逃げるので精一杯だった。久しぶりに地面を舐め、死に物狂いで走り、裏庭の茂みに身を投じたところでようやく振り切れた。
「意外と弱いんだな~。そんなんじゃ、最強のダチは見つけられないぜ!」
「強いダチが欲しいんじゃねぇ! 気が合うダチが欲しいんだ! つーか、まだ誕生日まで一週間くらいあんだろ!」
「いやいや、恋人と一緒で、付き合う期間ってのが必要だろ? 一週間付き合って、相性を確かめてからじゃないと、生涯を誓える相手かなんて決められない」
お前は冷静になるポイントがズレてんだよ……。
「まさか、誕生日まで毎日こんなことすんのか……?」
「おう、見つかるまでやるぜ。たとえ誕生日が過ぎたとしてもな!!」
「嫌だぁぁぁぁぁぁ!!」
オレはコソコソといたずらしたり、ここぞという時にどんちゃん騒ぎするのが好きなだけで、喧嘩は嫌いなんだよ!! 痛いことは嫌いなんだよ!!
……なんて、口が裂けても言えねぇよな。
それから一週間、マジで喧嘩売買の日々が続いた。
同学年の生徒が少ないこともあって、二年生のクラスに殴り込んだことも、三年生が占領する屋上に殴り込んだこともあった。ハハ、怖かったよ。上級生ってだけで、なんであんなに恐ろしいんだろうな。
ただ、女子を冷やかしにいく時だけはすっげぇ楽しかった。ダチ探しとは関係ねぇけど、こういう時間なら一生続いてもいいって思った。あんまり考えたことねぇけど、女の相棒ってのもいいかもしれねぇな。もちろん、巨乳の美人で。

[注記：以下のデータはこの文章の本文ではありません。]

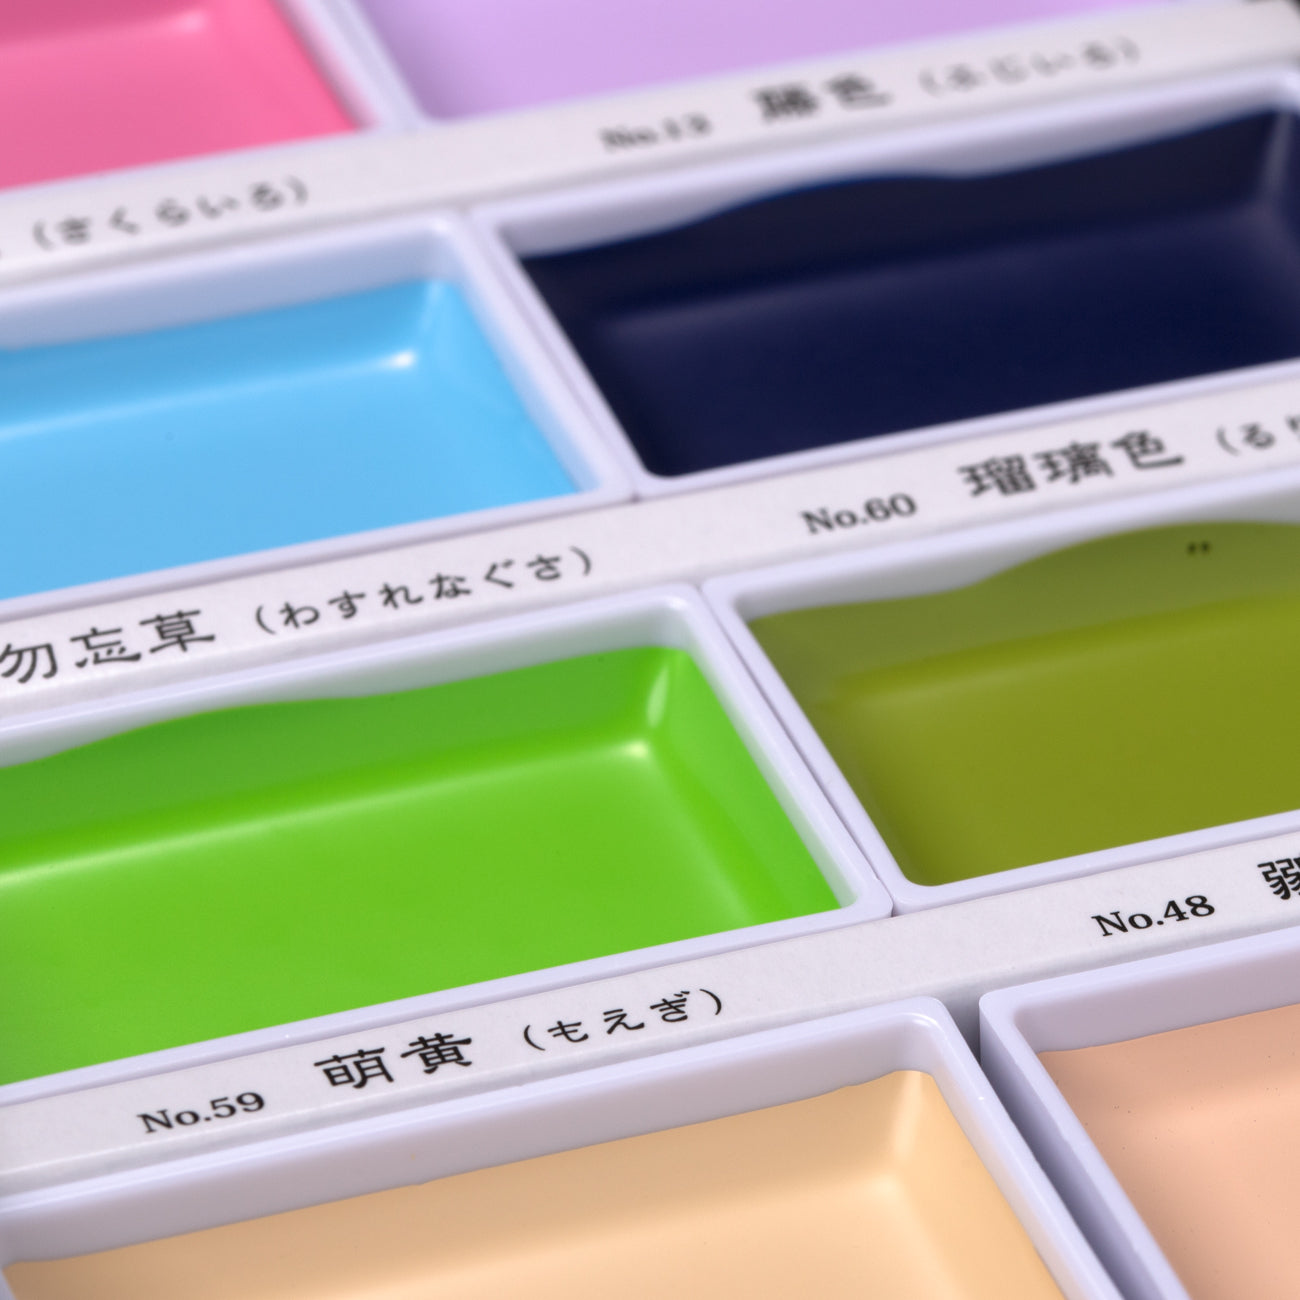 Kuretake Gansai Tambi Watercolour Paint Refill Pan

「……あーあ、ついに十五日になっちまったなオスヤマ。なんで今日に限って生まれてきたんだよオスヤマ。なんでこの世に生を受けたんだよオスヤマ」
サイテーか! 昨日までの祝福ムードはどこへ行った!
「だから言っただろ……やることが無謀なんだよ。なんでも望みを叶えるなんて、簡単に言っていいことじゃねぇ」
正直、ちょっと期待はしてた。変な奴だとは思ったが、悪い奴だとは思わなかった。昔つるんでた奴らの中にも、大口を叩く奴は山ほどいたが、総理大臣になって祝日を増やすとか、石油を掘り当てて金持ちになるとか、自己満足の奴らしかいなかった。

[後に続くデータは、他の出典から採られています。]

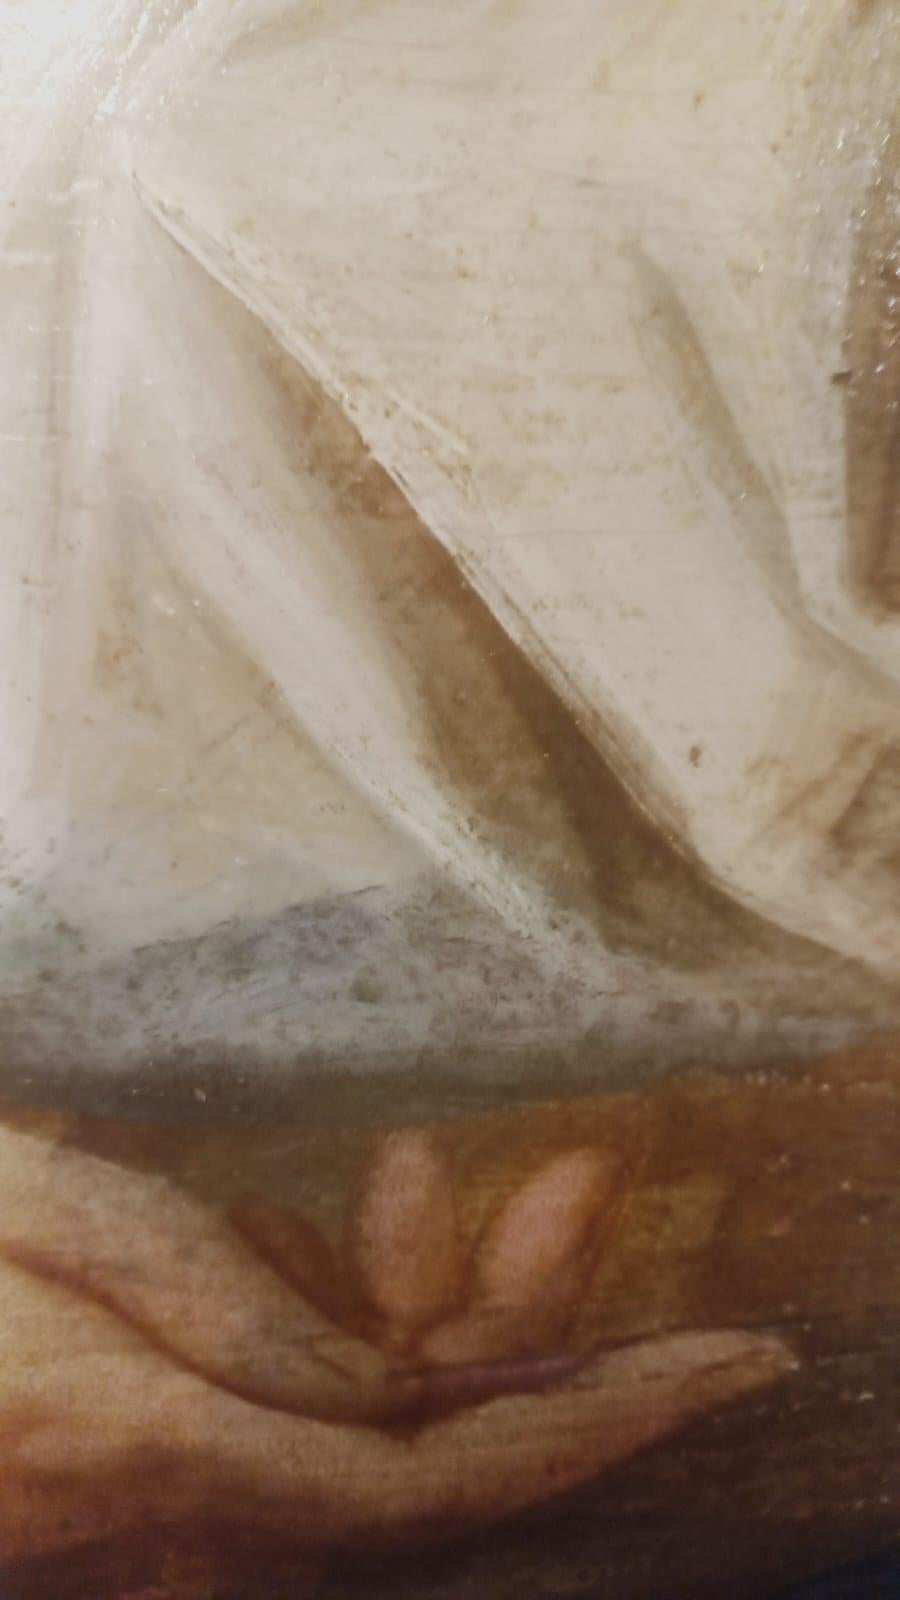 Lamentation sur le Christ mort, huile sur panneau, peintre vénitien du XVIe siècle, de forme trapézoïdale, mesurant 79x143 cm. Le tableau n'a pas de cadre.
La peinture est réalisée sur plusieurs planches qui, pour des raisons de stabilité, ont été

「最後まで諦めないぜ! きっと今日、めぐり逢うんだ! 第六感でビビッとくる奴がいるはずだ! いっくぜー!!」
おい! 授業をサボる気か!? まだ朝礼すら始まってねぇぞ!
すでに抵抗する気のないオレを引っ張り、奴は学校を出て、島の東側に広がる砂浜まで一直線に向かった。そして、砂浜に着いたところで貝殻を踏みつけたようで、悲鳴を上げてド派手にすっ転んだ。
「痛っ!?」
もちろん、腕を掴まれていたオレも一緒に。
「おい! 何やってんだよっ!」
「いや~。そもそもの不良なら、登校すらせずに海で黄昏れてんじゃないかと思って」
顔を上げ、周囲を見渡す。予想通り、漁の準備をするおっさんと海女さんしかいない。
……不良は目的もなしに朝早く起きたりしねぇんだよ。
「こらっ! おめぇら何してるっ! サボりか!」
ほら、漁師のおっさんに捕まっちまった。長い説教が始まるぞ。
「サボりではありません! こいつの一生もののダチを探しに来たんです! ロマンを探しに来たんです!」
「なにぃ!? ロマンだとぉ!? ……確かに、男のロマンってのは海にある。そして、海の男のダチといえば、あれだ!」
くすんだねじり鉢巻きを頭に巻いたおっさんは、海の上に浮かぶ黒い漁船を指差した。仰々しく〝極上丸〟と書き殴ってあるが、かなり小さい。三、四人くらいしか乗れなさそうだ。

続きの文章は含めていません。